So we solved the planning problem and found a best solution which has a score of 0hard/-123soft. Why -123soft? Where does that penalty come from? Which constraints are broken? Let’s see how we can break down the score and visualize the pain points in a UI.
Let’s approach this problem from two sides on the course scheduling example:
In the bottom-up approach, we visualize the score impact per lecture:
Red lectures impact hard constraints.
Orange lectures impact only soft constraints. The higher the impact, the heavier the color.
White lectures don’t impact the score.
Solution
Normal view
Indictment heat map
Score
Initialized
-4hard/-18soft
Feasible
0hard/-68soft
Near optimal
0hard/-1soft (*)
Optimal
0hard/0soft
As OptaPlanner, now continued as Timefold Solver, finds better and better solutions, there is less and less orange on the heat map. Looks like the history courses are particularly hard to schedule. Maybe the school should look for an additional history teacher?

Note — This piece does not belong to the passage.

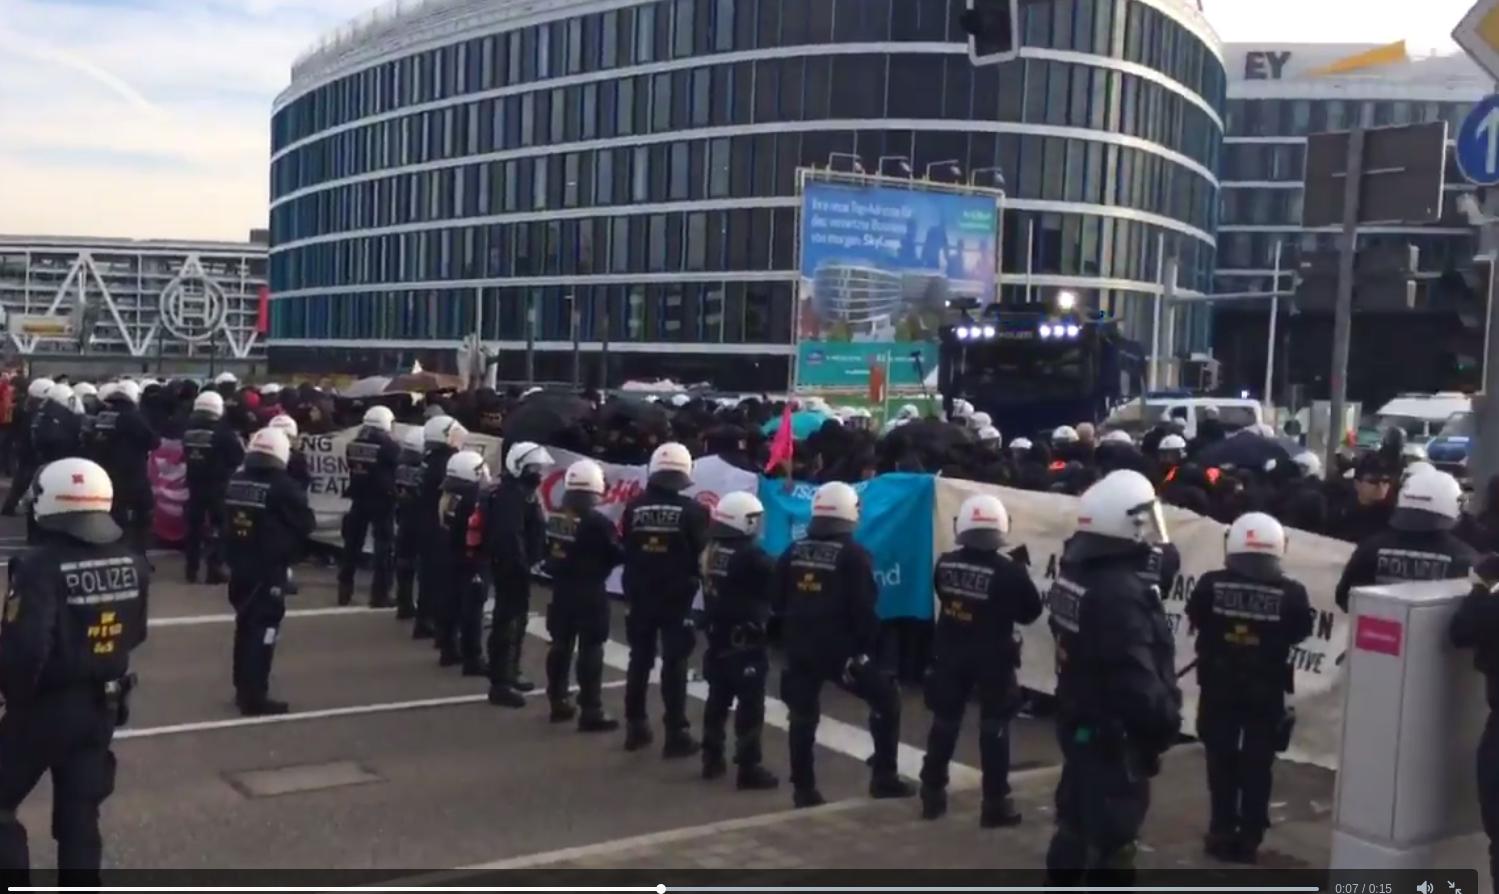 Demo vor AfD-Parteitag Stuttgarter Messe: Live-Ticker – Parteitag beginnt verspätet – Hunderte Demonstranten festgesetzt

(*) Notice that -1soft is shared by multiple lectures: 3 lectures break the room stability constraint together because two of them use a different room than the other one.
OptaPlanner 7 provides this information out of the box through the ConstraintMatch API:
First build a ScoreDirector with Solver.getScoreDirectorFactory() and then:
Break down the score per constraint type with ScoreDirector.getConstraintMatchTotals(). Each ConstraintMatchTotal represents one score rule and has its total score.
Determine the score impact per planning entity with ScoreDirector.getIndictmentMap(). Each Indictment holds the total score impact of one planning entity. Use that score to create the heat map in your UI.